» TASK TO CARRY OUT
Exactly the lines below from the line with "Stylish French 20th-century" through the line with "Entirely restored with" must make up the answer, both ends included and pictures left out.

» RECORDS FOR THE EXERCISE
============

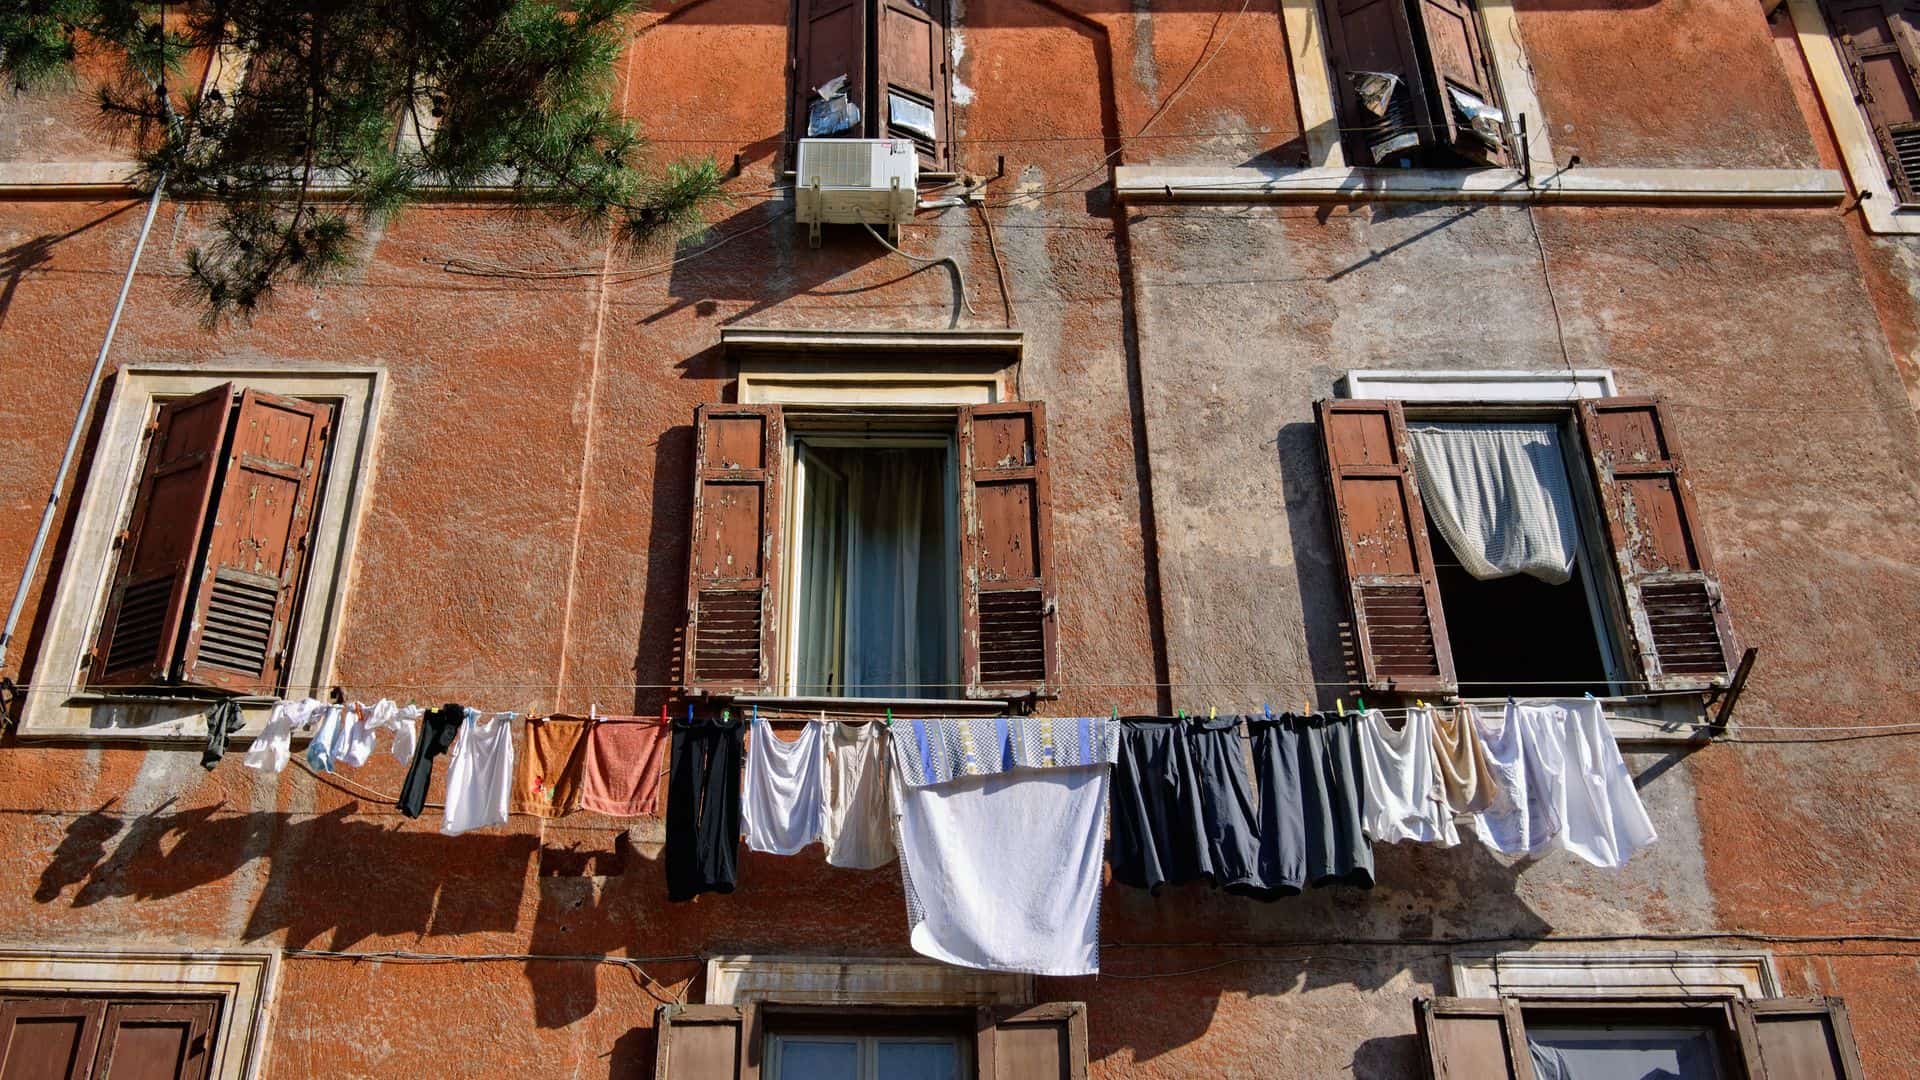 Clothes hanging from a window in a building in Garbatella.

============

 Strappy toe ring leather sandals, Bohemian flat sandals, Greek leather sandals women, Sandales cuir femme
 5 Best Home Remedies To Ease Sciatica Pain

============

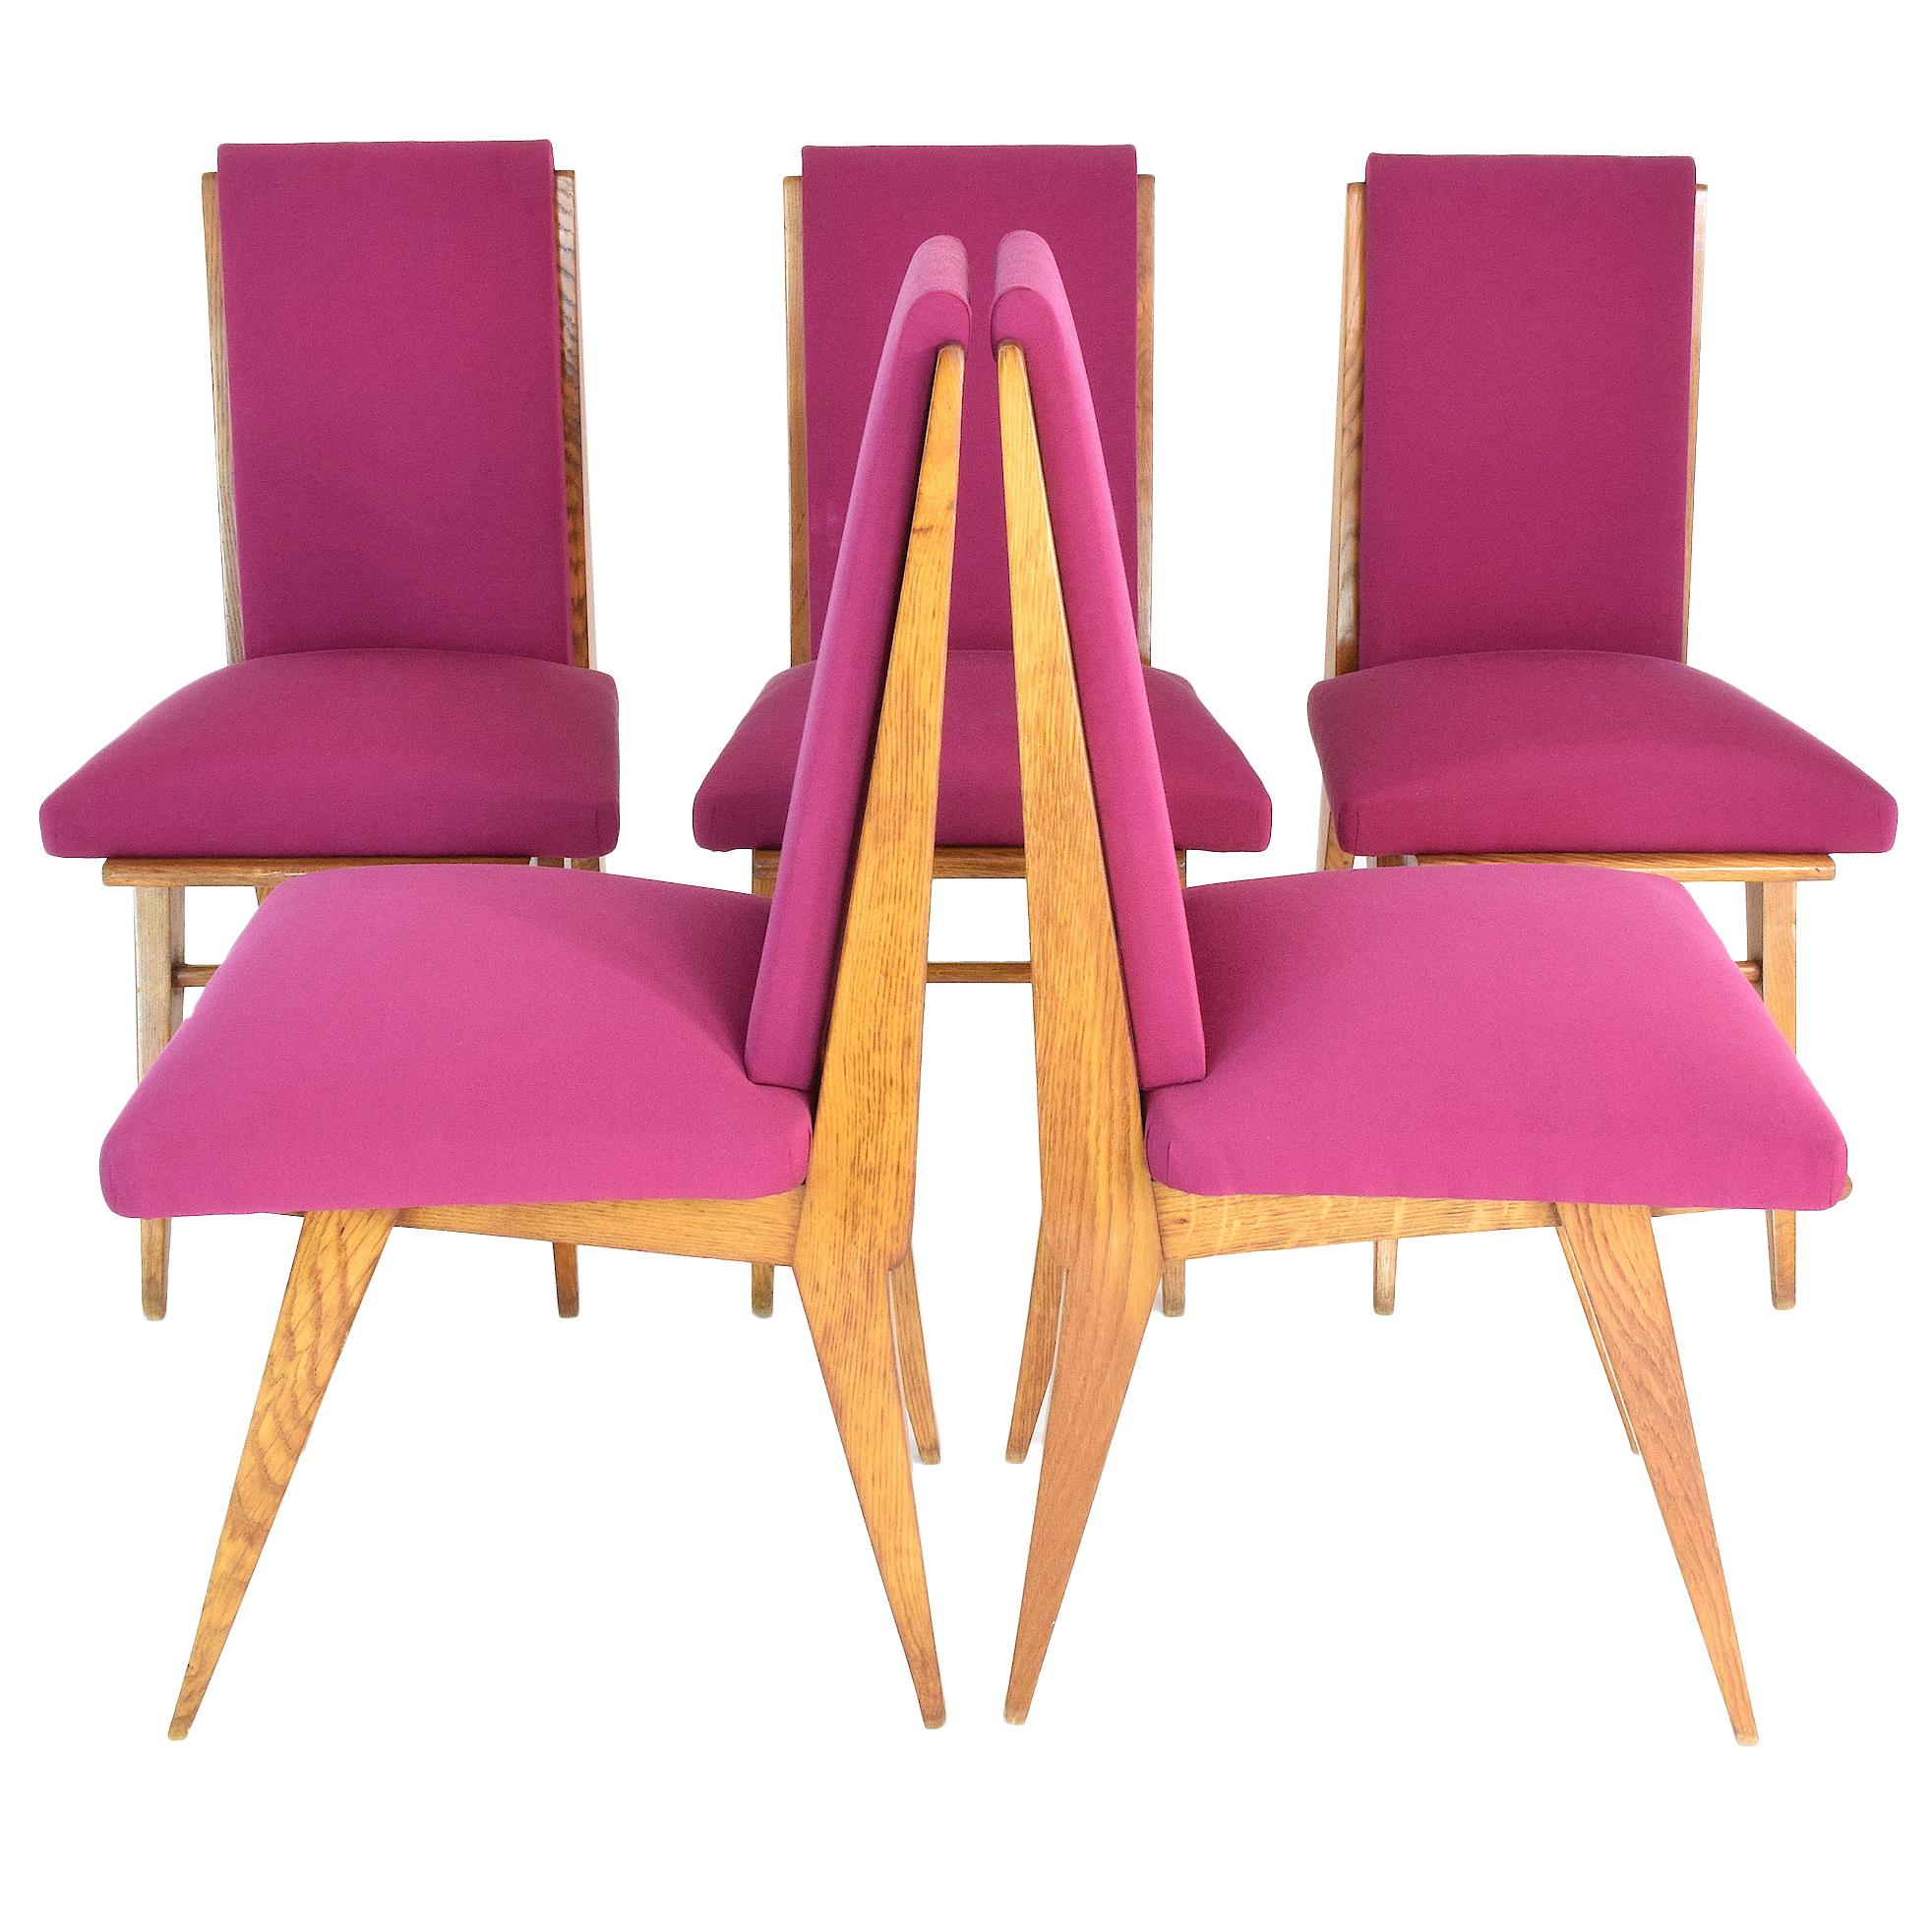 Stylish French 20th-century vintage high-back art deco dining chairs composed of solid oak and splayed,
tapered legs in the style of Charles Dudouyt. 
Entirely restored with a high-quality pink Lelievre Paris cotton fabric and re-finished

============

» RESPONSE AREA
 Stylish French 20th-century vintage high-back art deco dining chairs composed of solid oak and splayed,
tapered legs in the style of Charles Dudouyt. 
Entirely restored with a high-quality pink Lelievre Paris cotton fabric and re-finished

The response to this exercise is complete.